PCI Compliance and SYN Flood DoS Attacks
Tuesday, December 8th, 2009We recently received the following question from a customer about the security checks included in the PCI compliance analysis performed by Athena FirePAC:
I just ran Athena FirePAC on an ASA firewall that is failing PCI requirement 1.3.6 due to SYN flood protection not enabled. I understand what SYN flood protection does, but I believe ASA firewalls still processes in a stateful manner, even without SYN flood protection turned on. This failure would indicate that the firewall will process a non stateful packet, and I don’t believe that’s the case. Can someone advise on why FirePAC failed us on this requirement?
The PCI DSS control item 1.3.6 says, “Implement stateful inspection, also known as dynamic packet filtering. (That is, only ‘established’ connections are allowed into the network.)” It is true that Cisco ASA firewalls implement stateful inspection, as do most modern firewalls including Check Point, and Juniper Netscreen. So checking for it is a moot point.
Rather than simply making this a “checkbox” item in the PCI DSS compliance analysis provided by Athena FirePAC, we decided to take this as an opportunity to check for additional protection against some common attacks that exploit the stateful nature of TCP connections. The SYN flood attack is one example.
In Cisco ASA firewalls, the NAT and Static commands have a parameter that specifies the maximum number of embryonic connections allowed per host. An embryonic connection is a connection request that has not finished the three-way handshake between source and destination. The default is 0, which means unlimited embryonic connections are allowed. Setting the embryonic connection limit to a non-zero value lets you prevent SYN flood attacks by dropping connections after the limit is reached. FirePAC checks if this limit is not set, i.e. 0, which means unlimited embyronic connections are allowed. If it is 0, the host is susceptible to the SYN flood attack and the security check is flagged. FirePAC performs similar checks for Juniper Netscreen and Check Point firewalls as well.

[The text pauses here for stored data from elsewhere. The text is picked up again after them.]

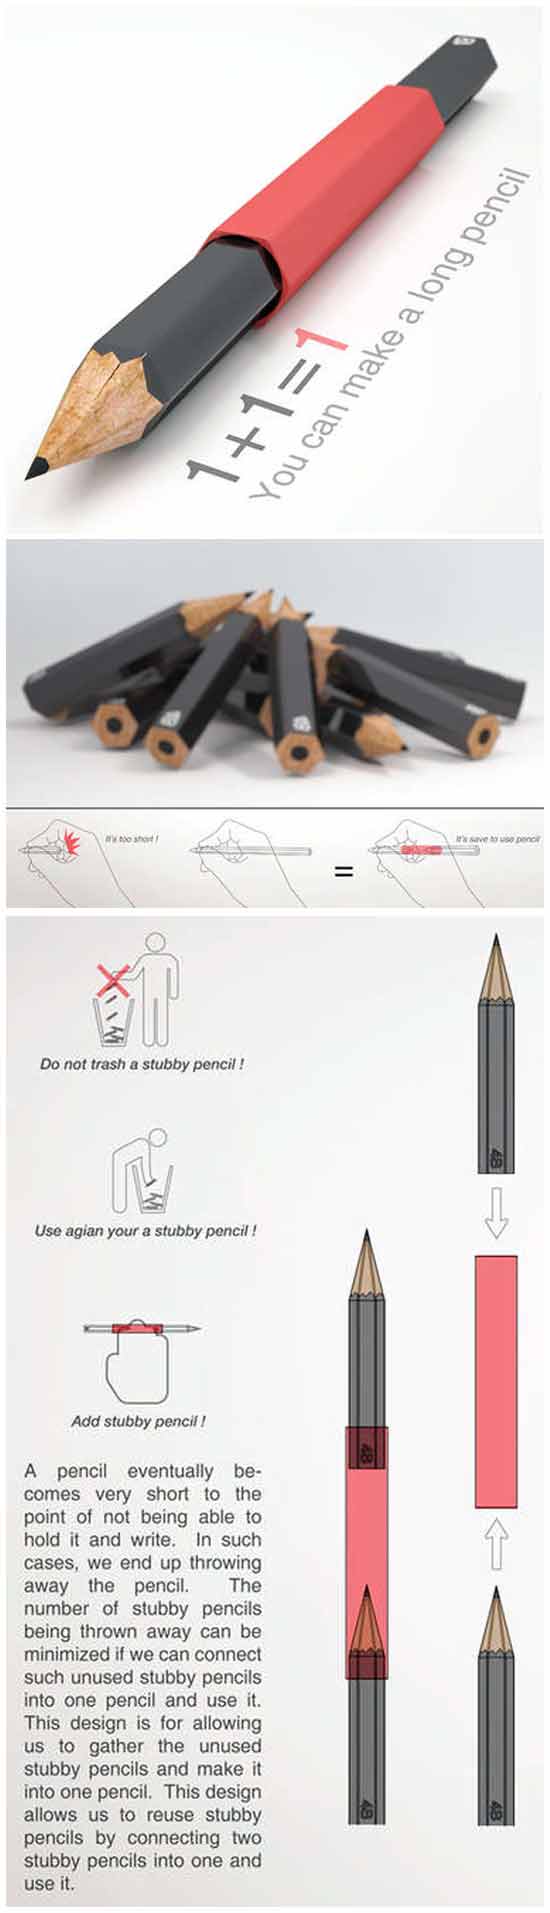 Странные идеи бизнеса: Удлинитель для карандашей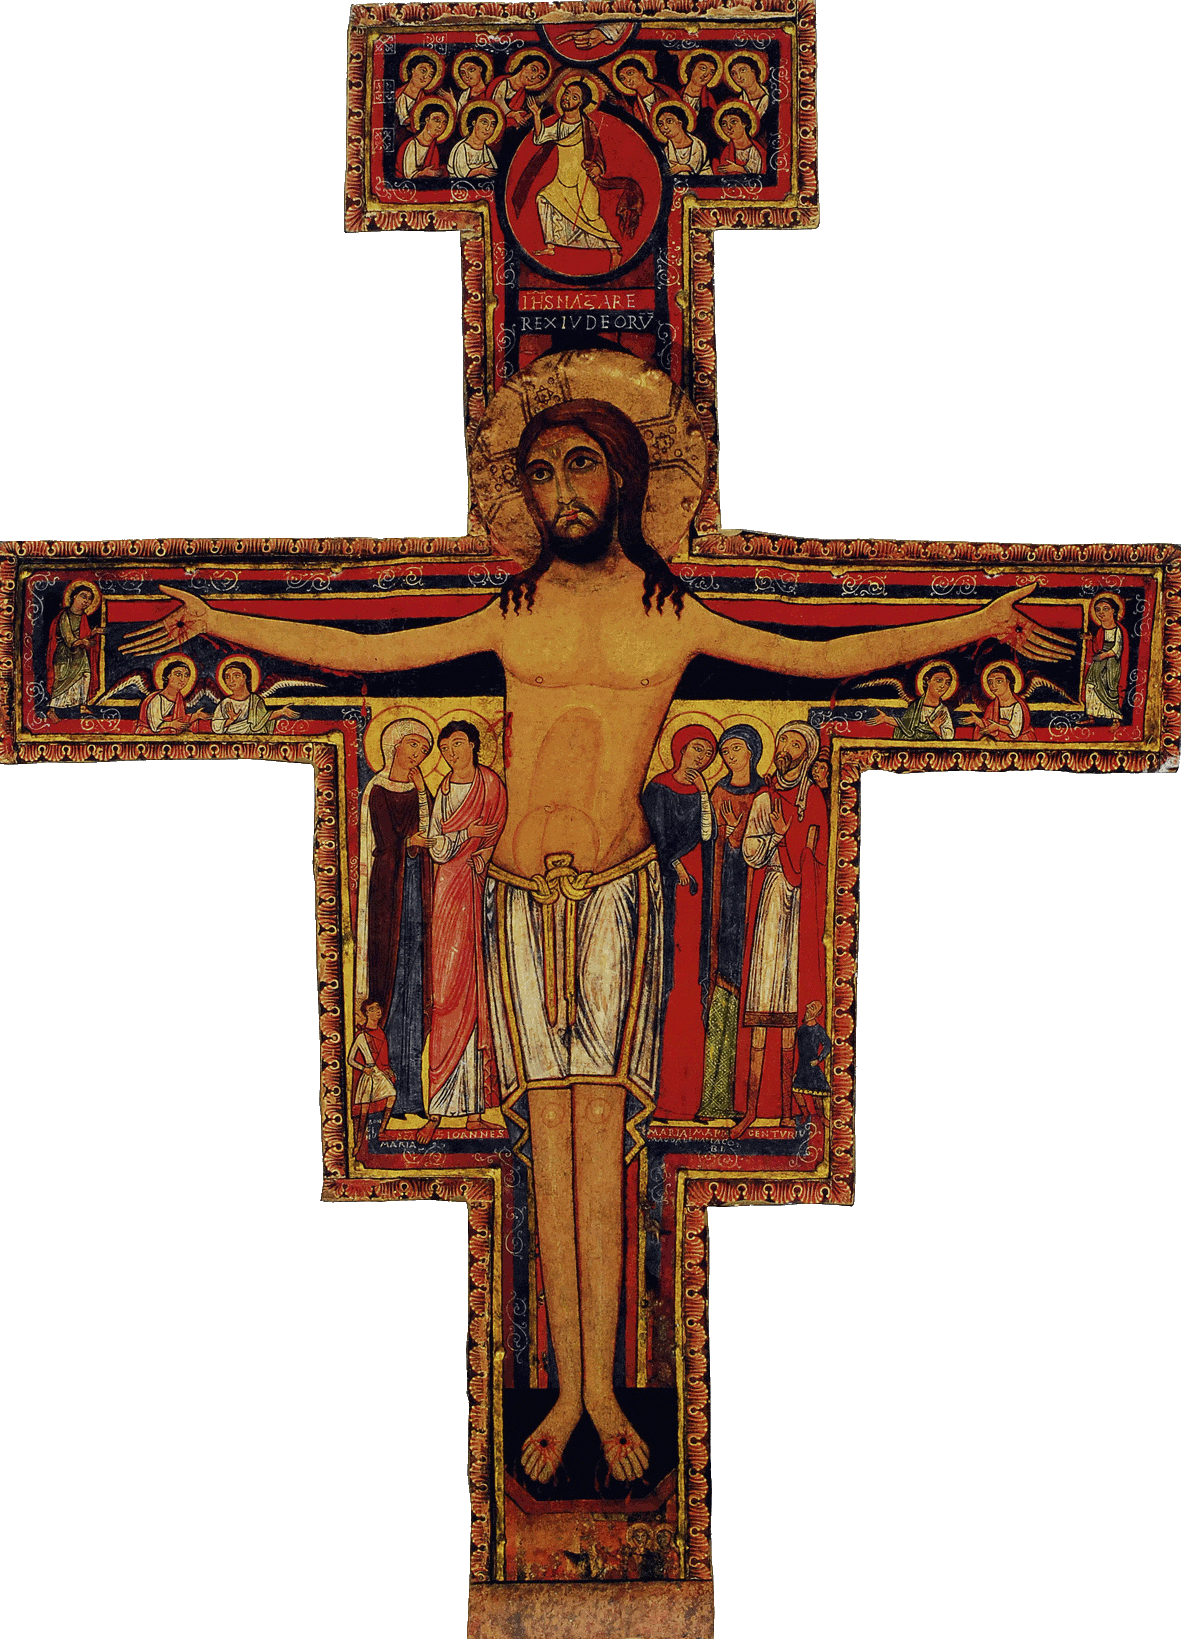 Das Kreuz von San Damiano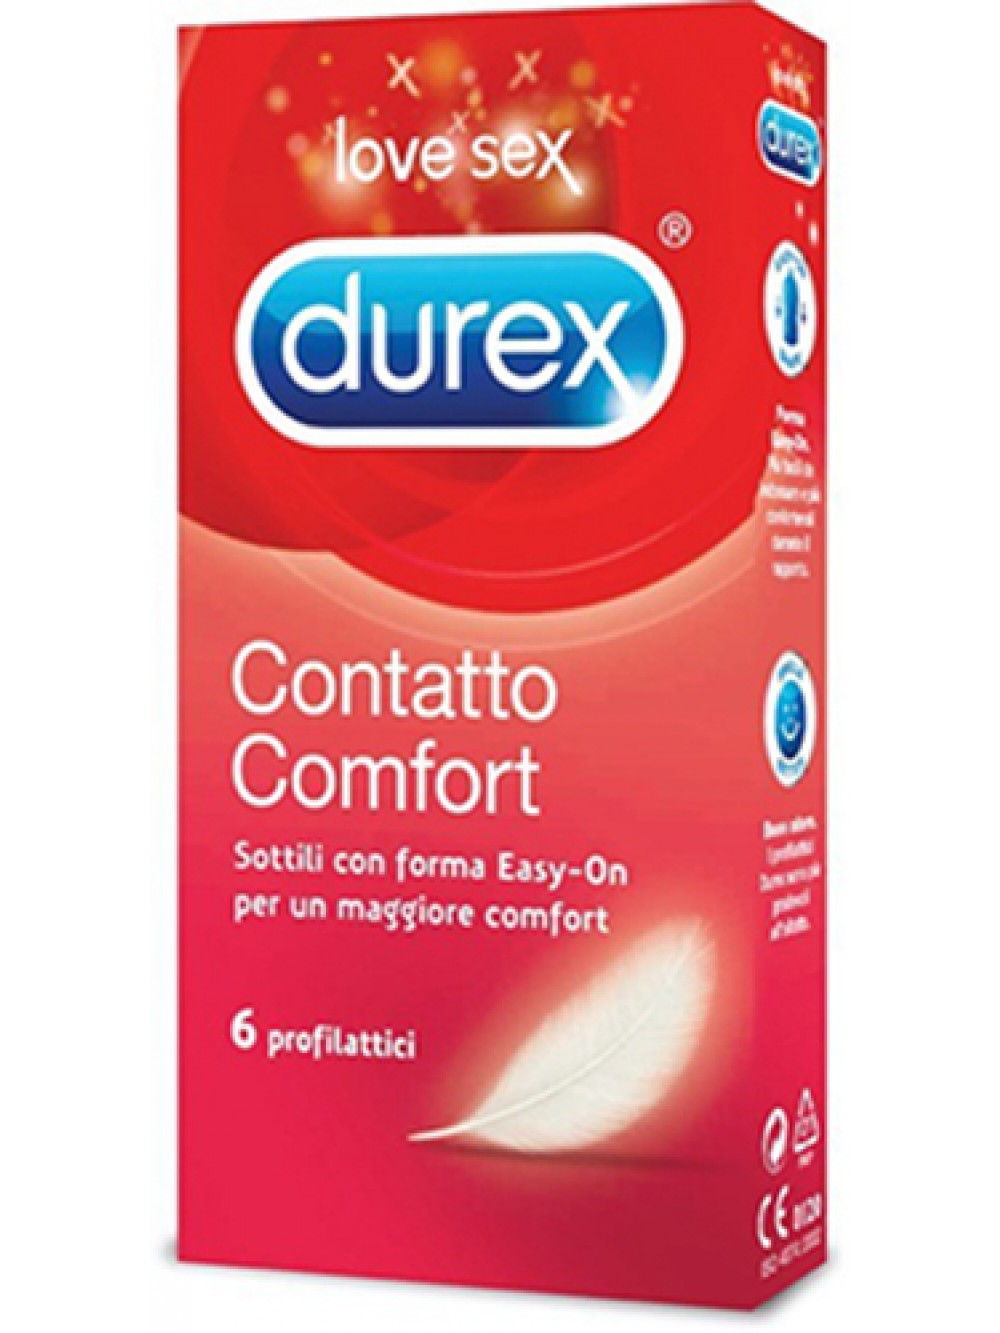 Durex Contatto Comfort 6 preservativi 5038483444993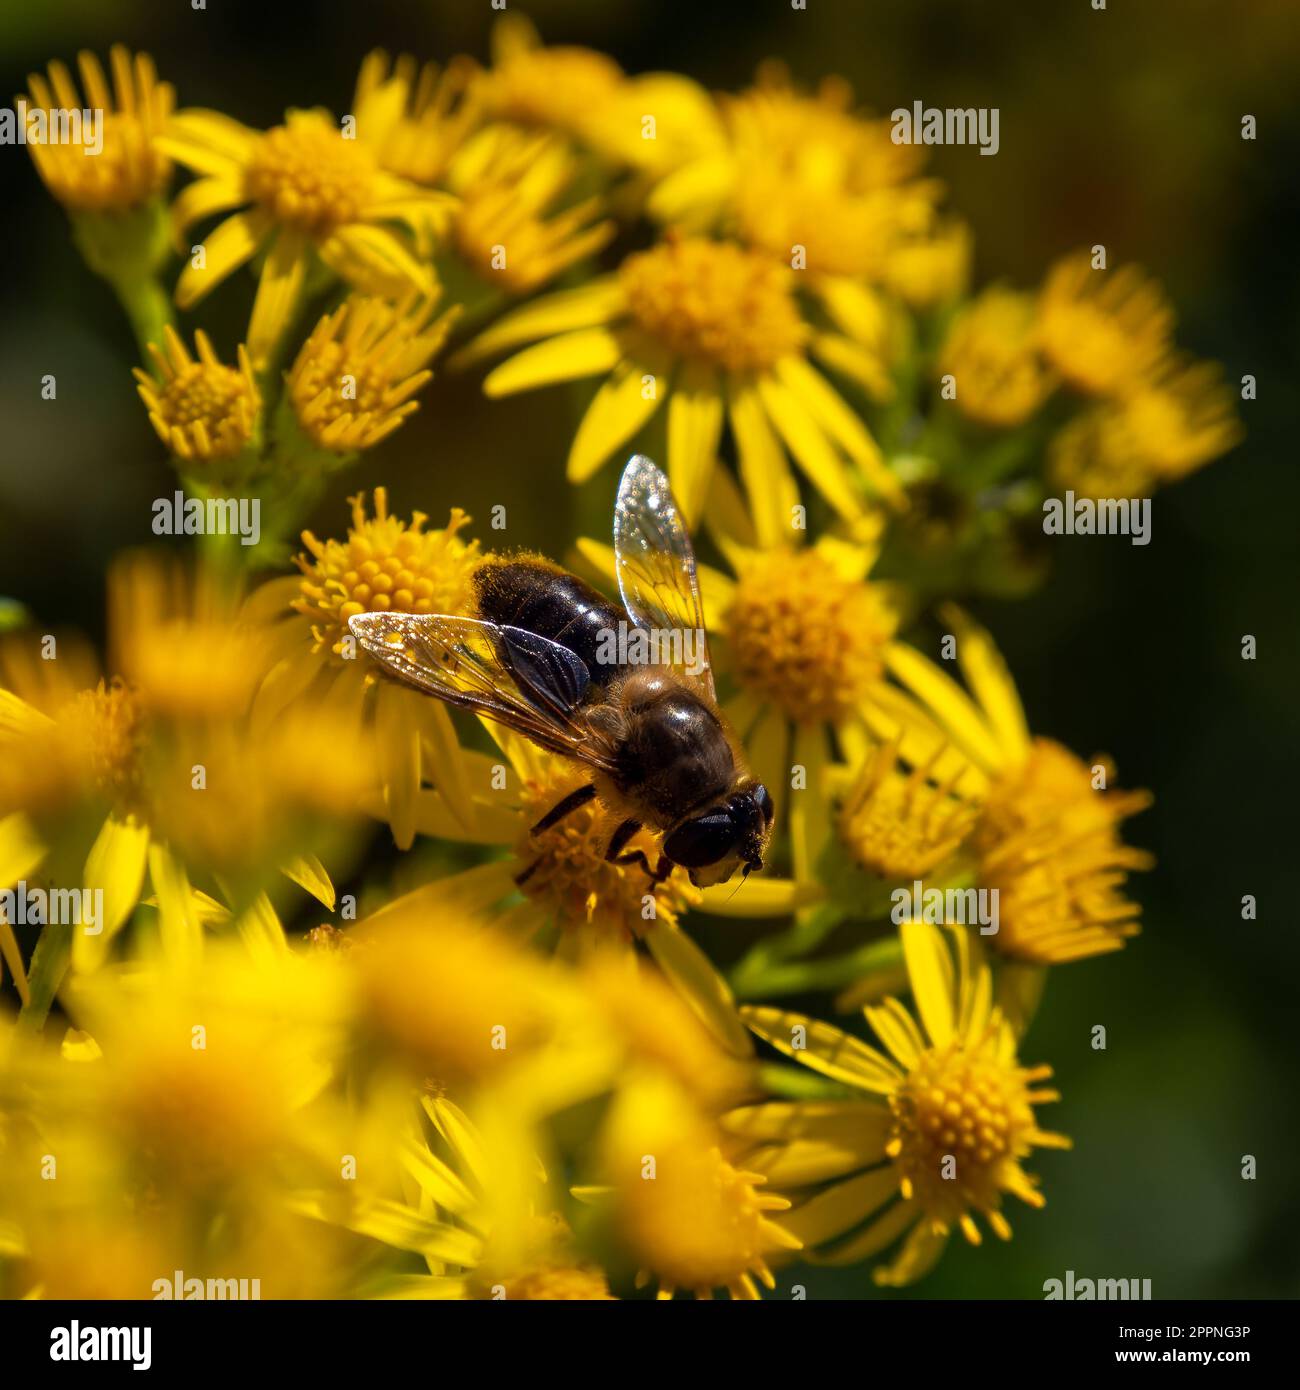 Une grande mouche semblable à une abeille se trouve sur une fleur jaune, macro. Mouches hover, également appelées mouches de fleurs ou mouches syrphides, famille des insectes Syrphidés. Banque D'Images

As I’ve noted elsewhere, simply passing a PCI compliance audit is not a substitute for security. You really have to know what’s going on in your firewall to ensure that it’s configured securely. Given some of the changes announced earlier this year by the PCI council, these kinds of robust and detailed analyses will be required to show that that the PCI in-scope network is truly secure and controlled. FirePAC includes these kinds of additional checks to help you get it right.